No, we should not offer a variant of any port to do a static build. Static 
build means all of the libraries that a program depends on are copied into the 
program executable. That means if we later update one of those libraries to a 
newer version, the statically-built program will not benefit from those fixes, 
unless its revision is increased to rebuild it, but whoever updated the library 
would not know that that needs to be done. We should not introduce more 
situations into MacPorts where developers updating library ports need to know 
about increasing the revisions of ports that use the library. Instead we should 
do the opposite, identifying those ports that only build a static library and 
fixing them so that they also or instead build a dynamic library so that ports 
that link with them can benefit from new versions without needing to be rebuilt.

Indeed, you are right, a "variant" here would indeed be an issue I didn't think about.
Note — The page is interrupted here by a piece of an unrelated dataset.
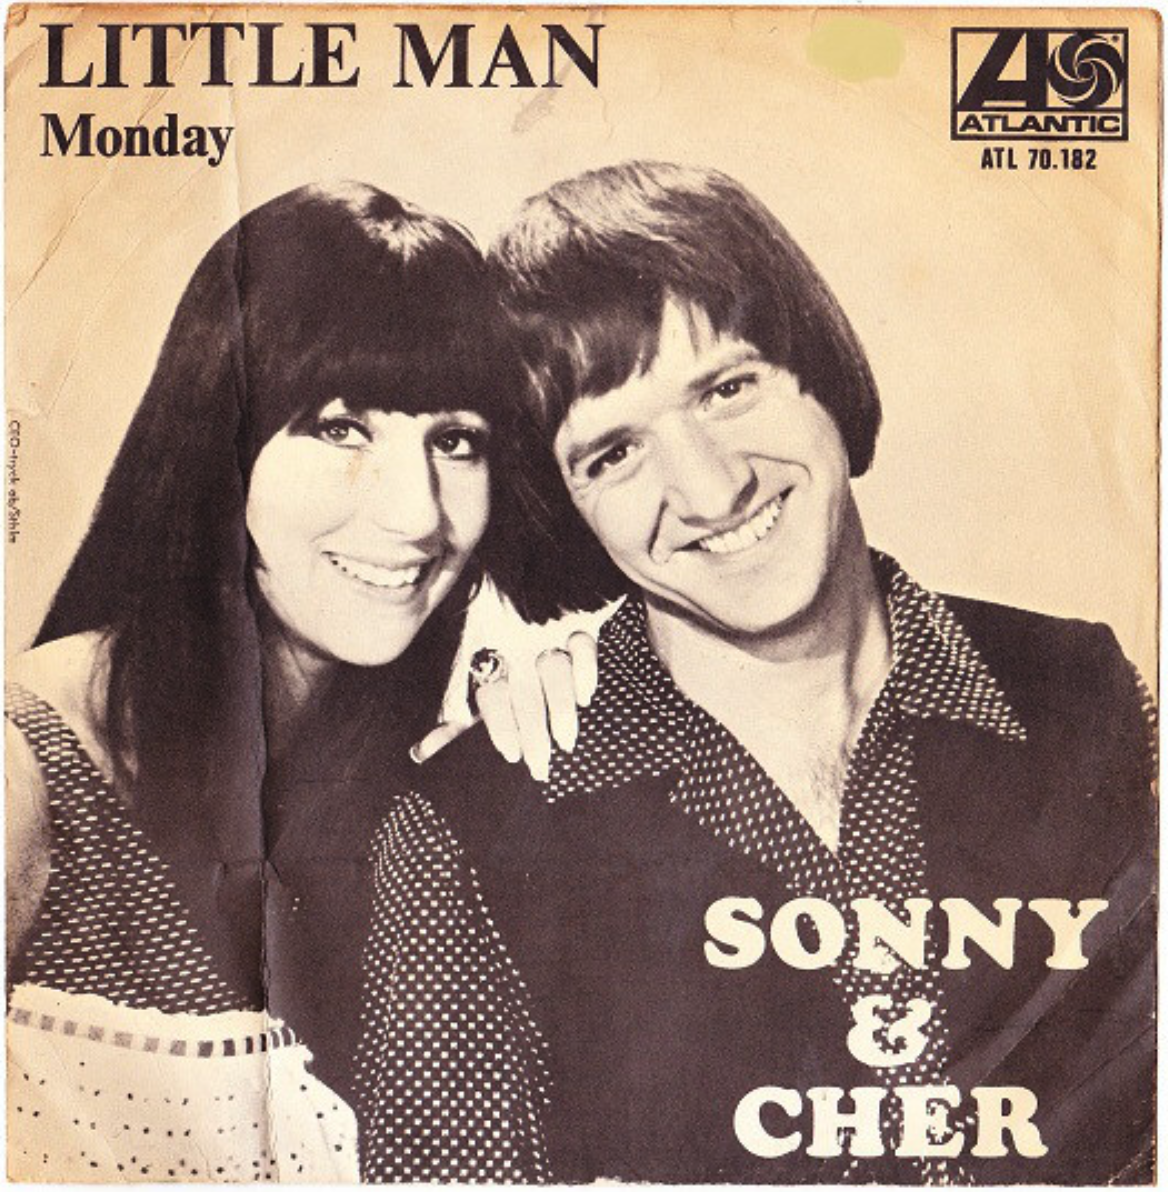 Шер little man. Sonny - cher - little man 1966г. "Сонни и Шер" ("Sonny & cher"). Cher little man 1966. Sonny cher 1966 года little man.

We should not replace a dylib with it static version, we should provide both, one possibly used only for build reason.

Under the assumption that "static libraries" are of no real interest if not to build static commands and that these should remain a minority in your installed ports, it should be a different thing

E.g. suppose libA is needed by many ports, we install it as shared and right so. However tool X needs libA and if you want toolX as static, its dependent static library libA should be built *also* as static. Technically, once built, the static library could be even removed.
So it is only a "build" dependency.

If libA gets an update, no lookup can tell you to update toolX, but this side effect is also the goal - toolX will continue working (but might have a security issue or whatever). Another command to look up toolX could envisioned, but toolX would continue working and that is the important thing.